(EXERCISE INSTRUCTIONS) Because the entries hold pictures, reproduce only their words, exactly as written.
---*---
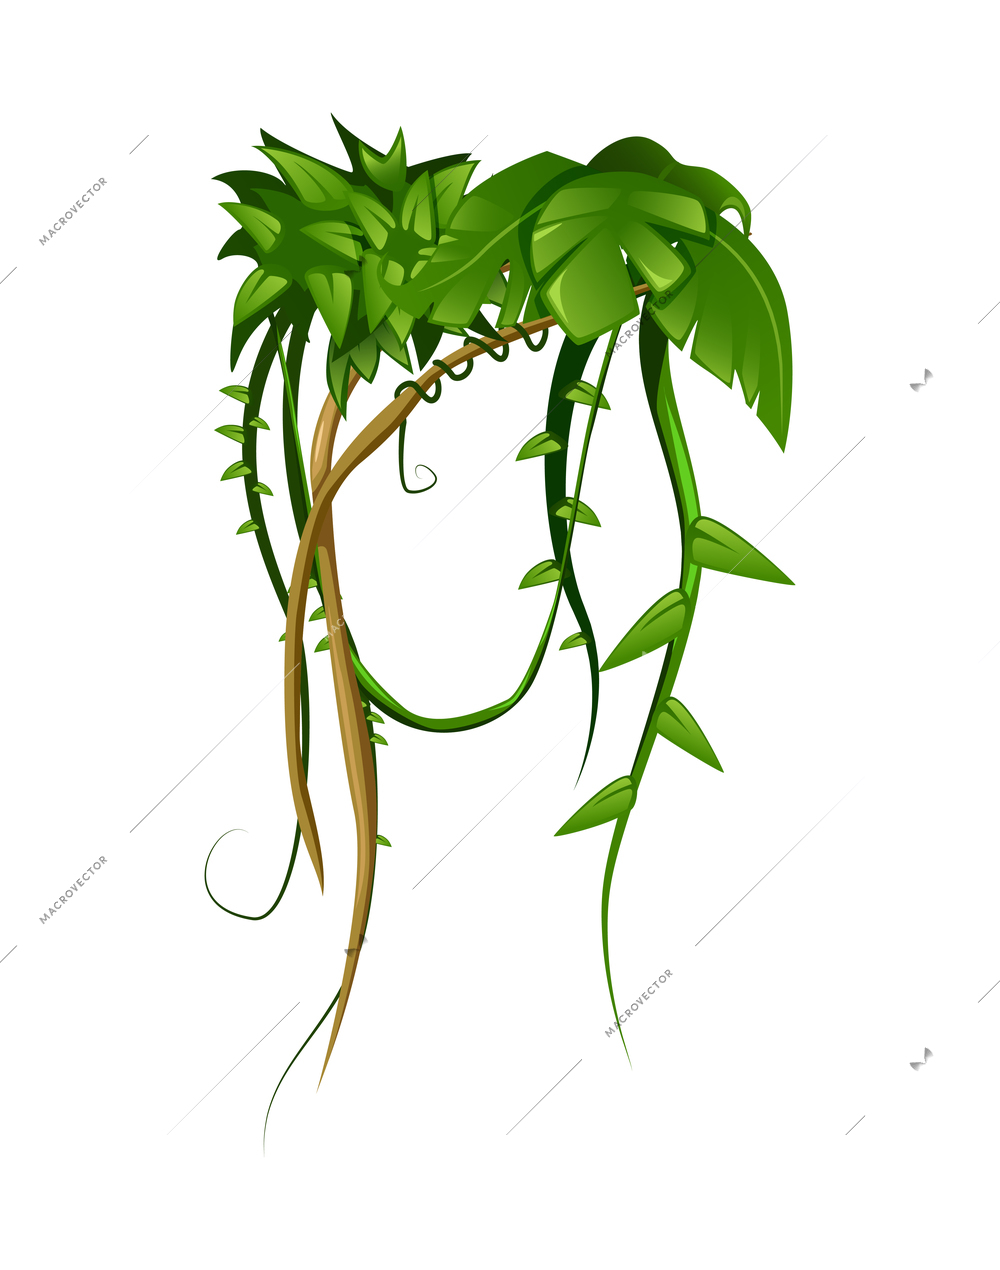 Liana tropical leaves cartoon composition with isolated image of hanging plant on blank background vector illustration
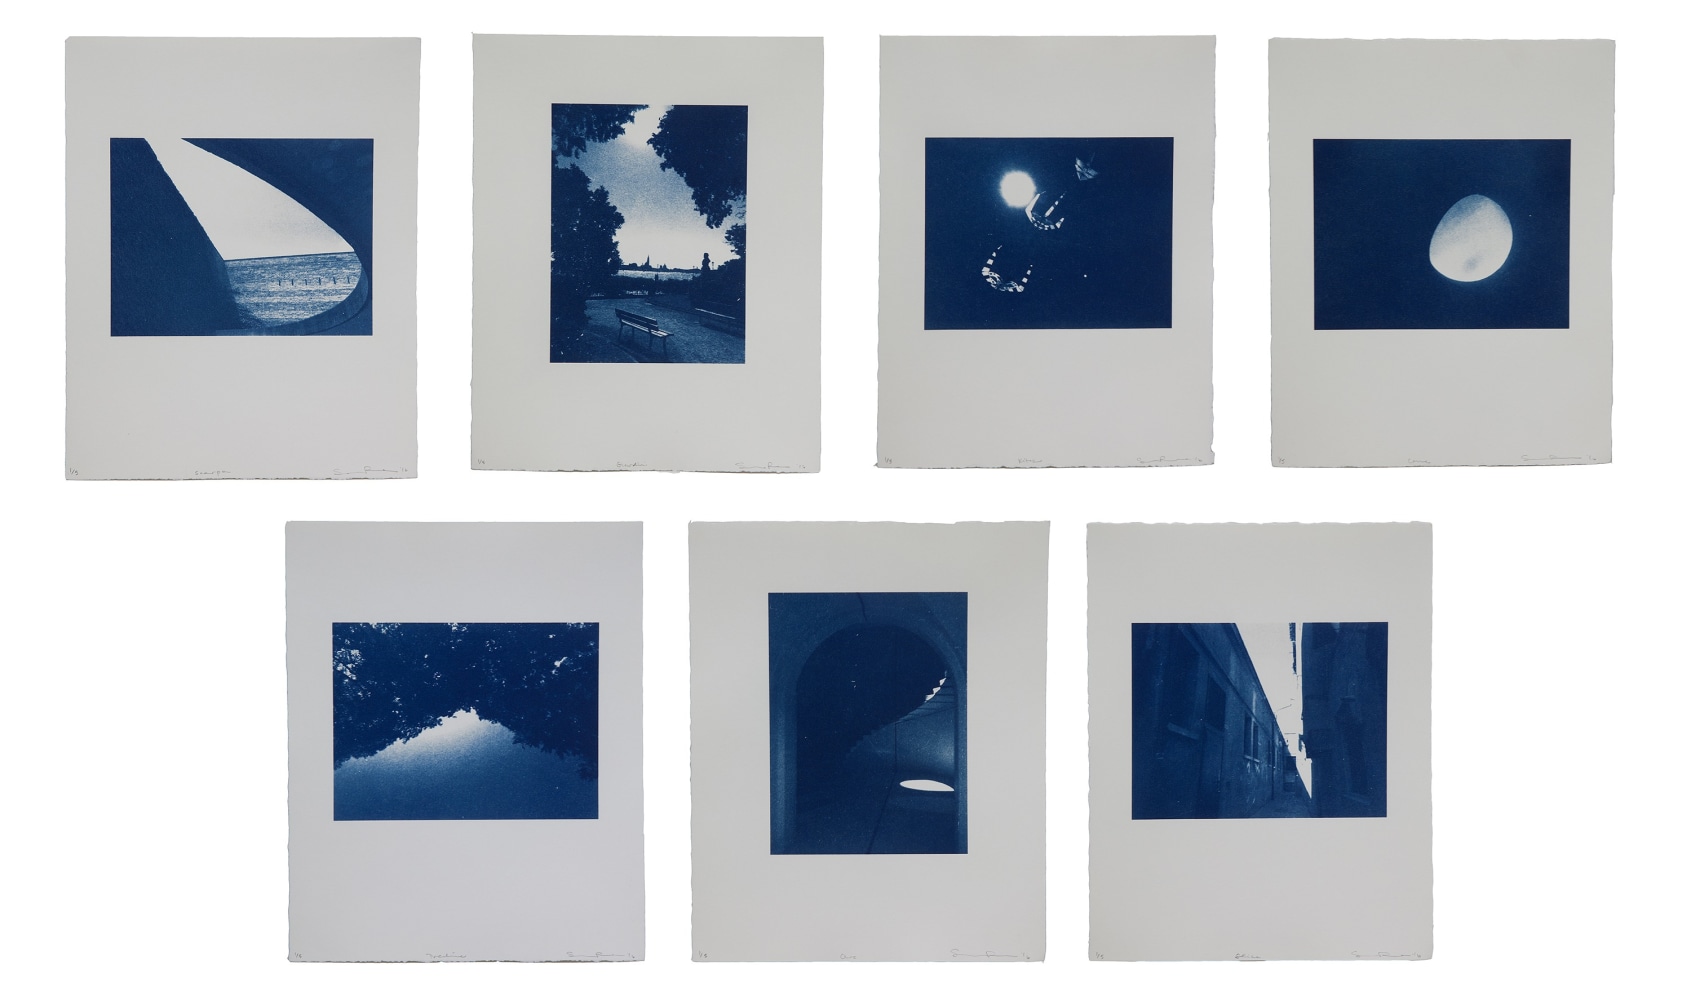 Lightforms: Venice I-VII, Scarpa, Giardini, Kites, Cone, Treeline, Arch, Sliver
Serena Perrone, 2016

Suite of 7 cyanotypes on Stonehenge paper
10&amp;quot; x 8&amp;quot; each
Edition of 5
$4000

Published by Cade Tompkins Projects

INQUIRE
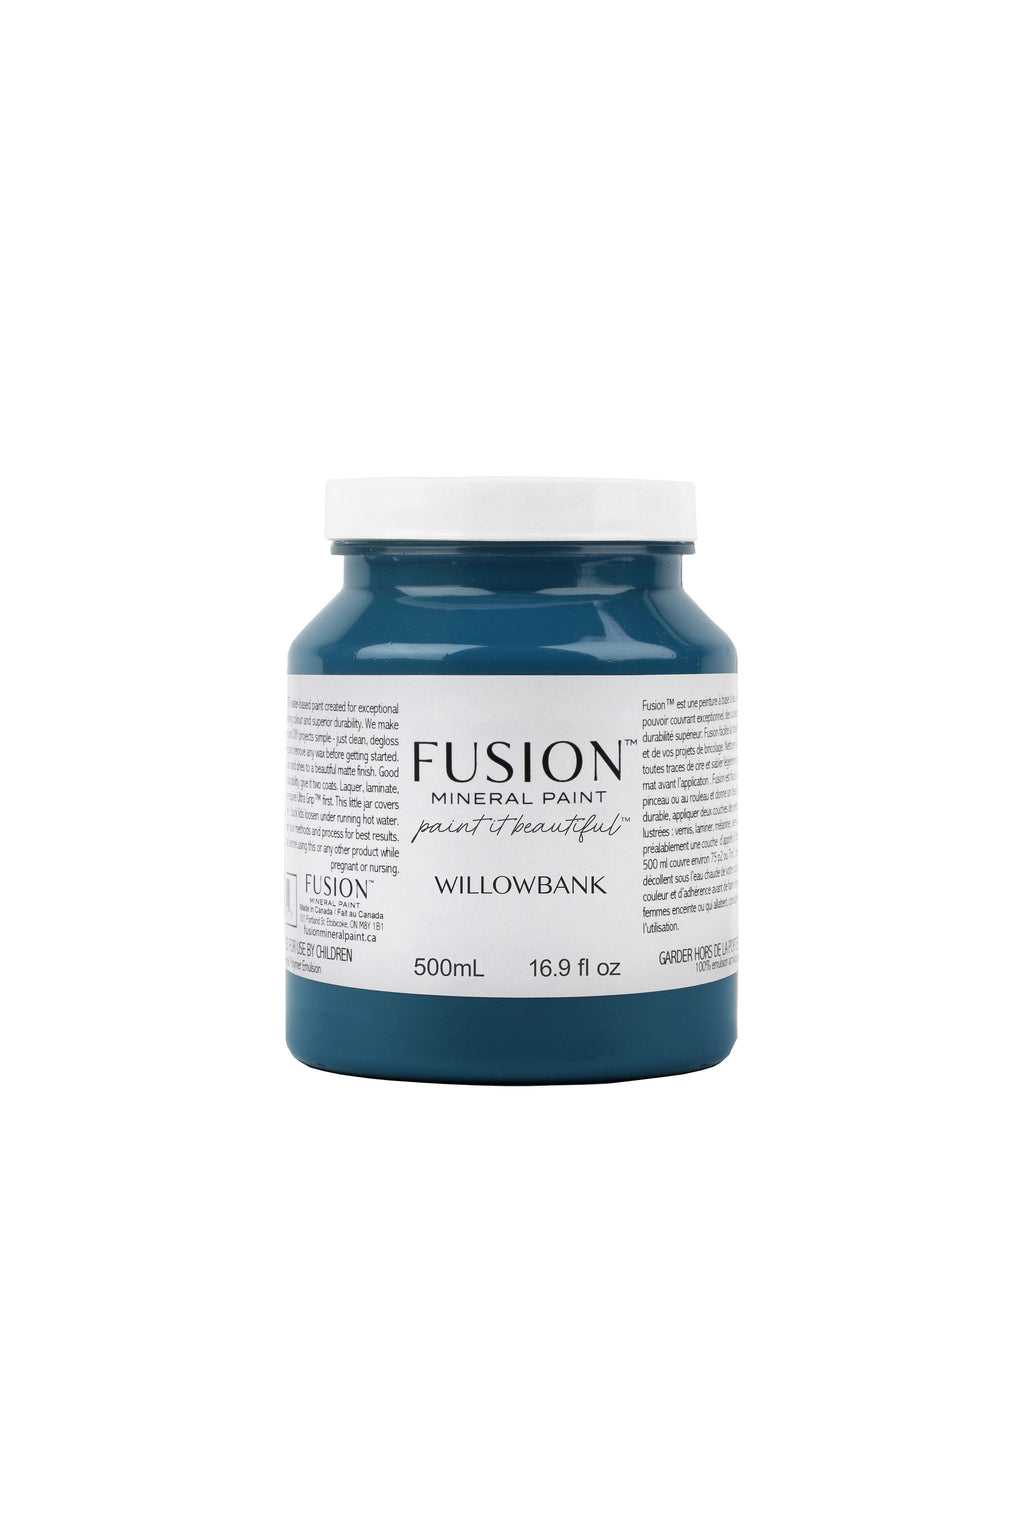 Willowbank Fusion Mineral Paint - Pint
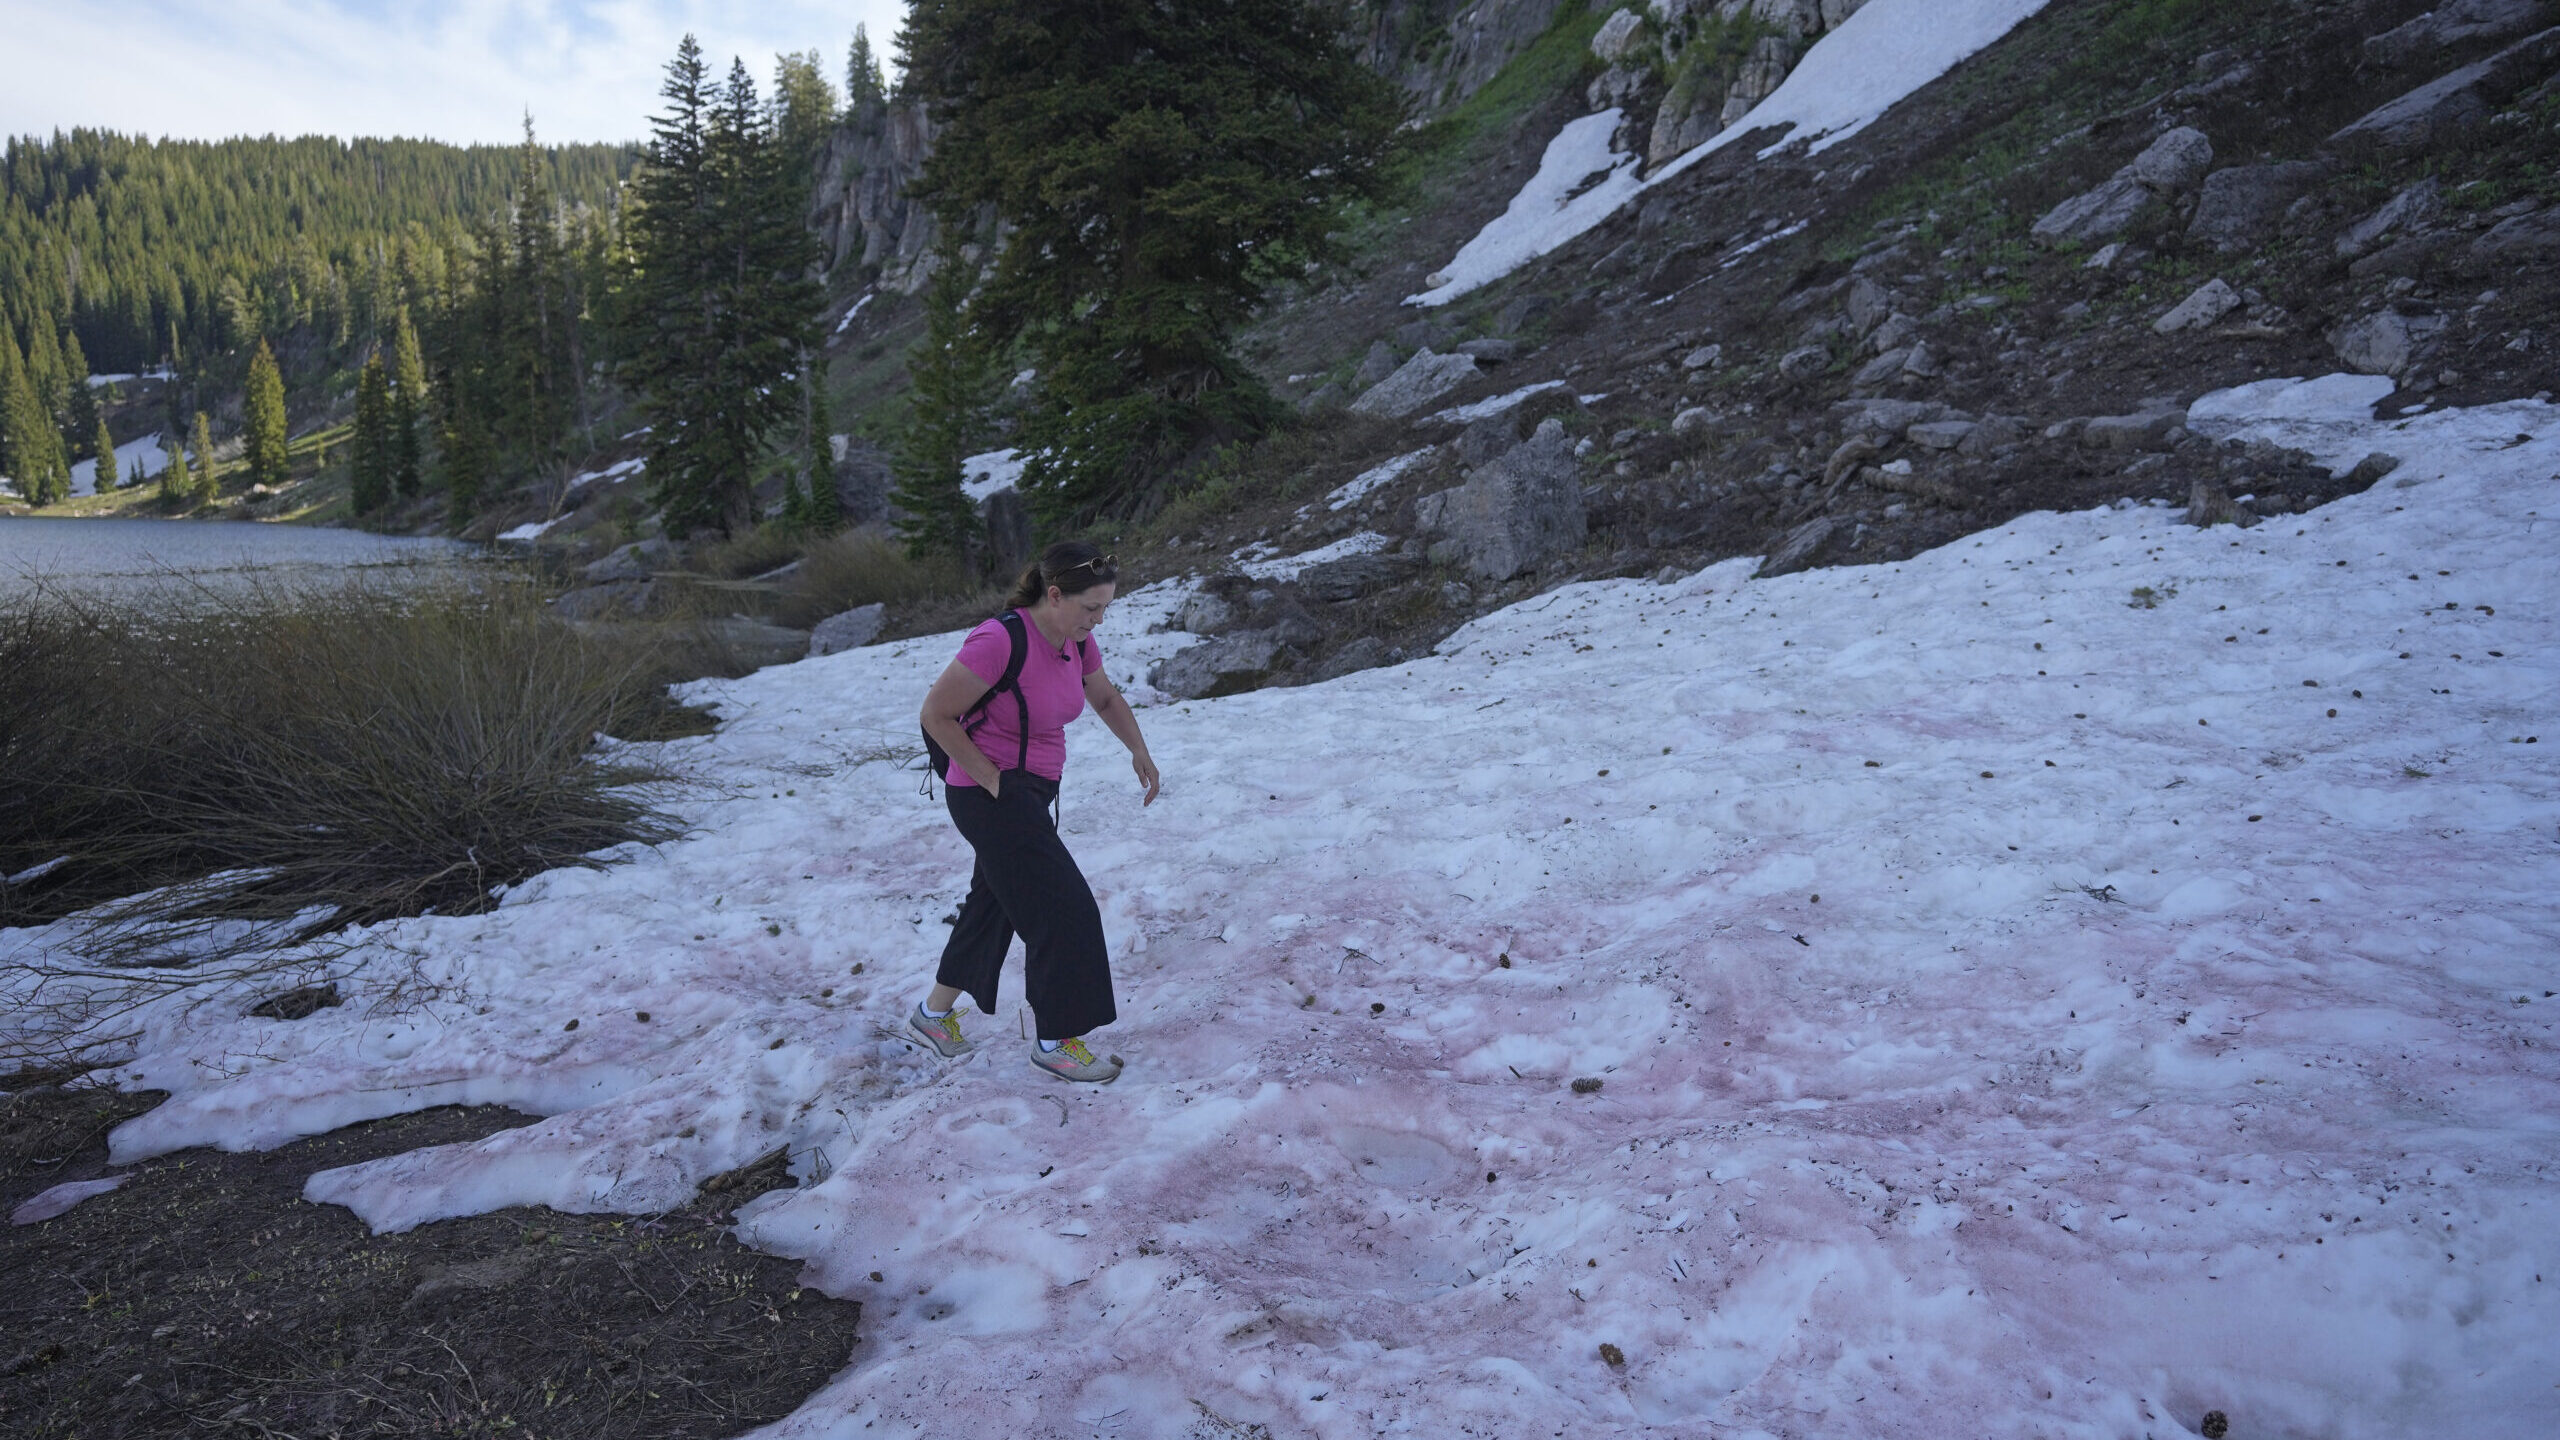 Watermelon snow in Utah! High up in the mountains, amid pinyon pine and quaking aspen trees, the re...
---*---
(OUTPUT FOR THIS EXERCISE)
 Liana tropical leaves cartoon composition with isolated image of hanging plant on blank background vector illustration
 Lightforms: Venice I-VII, Scarpa, Giardini, Kites, Cone, Treeline, Arch, Sliver
Serena Perrone, 2016

Suite of 7 cyanotypes on Stonehenge paper
10&amp;quot; x 8&amp;quot; each
Edition of 5
$4000

Published by Cade Tompkins Projects

INQUIRE
 Willowbank Fusion Mineral Paint - Pint
 Watermelon snow in Utah! High up in the mountains, amid pinyon pine and quaking aspen trees, the re...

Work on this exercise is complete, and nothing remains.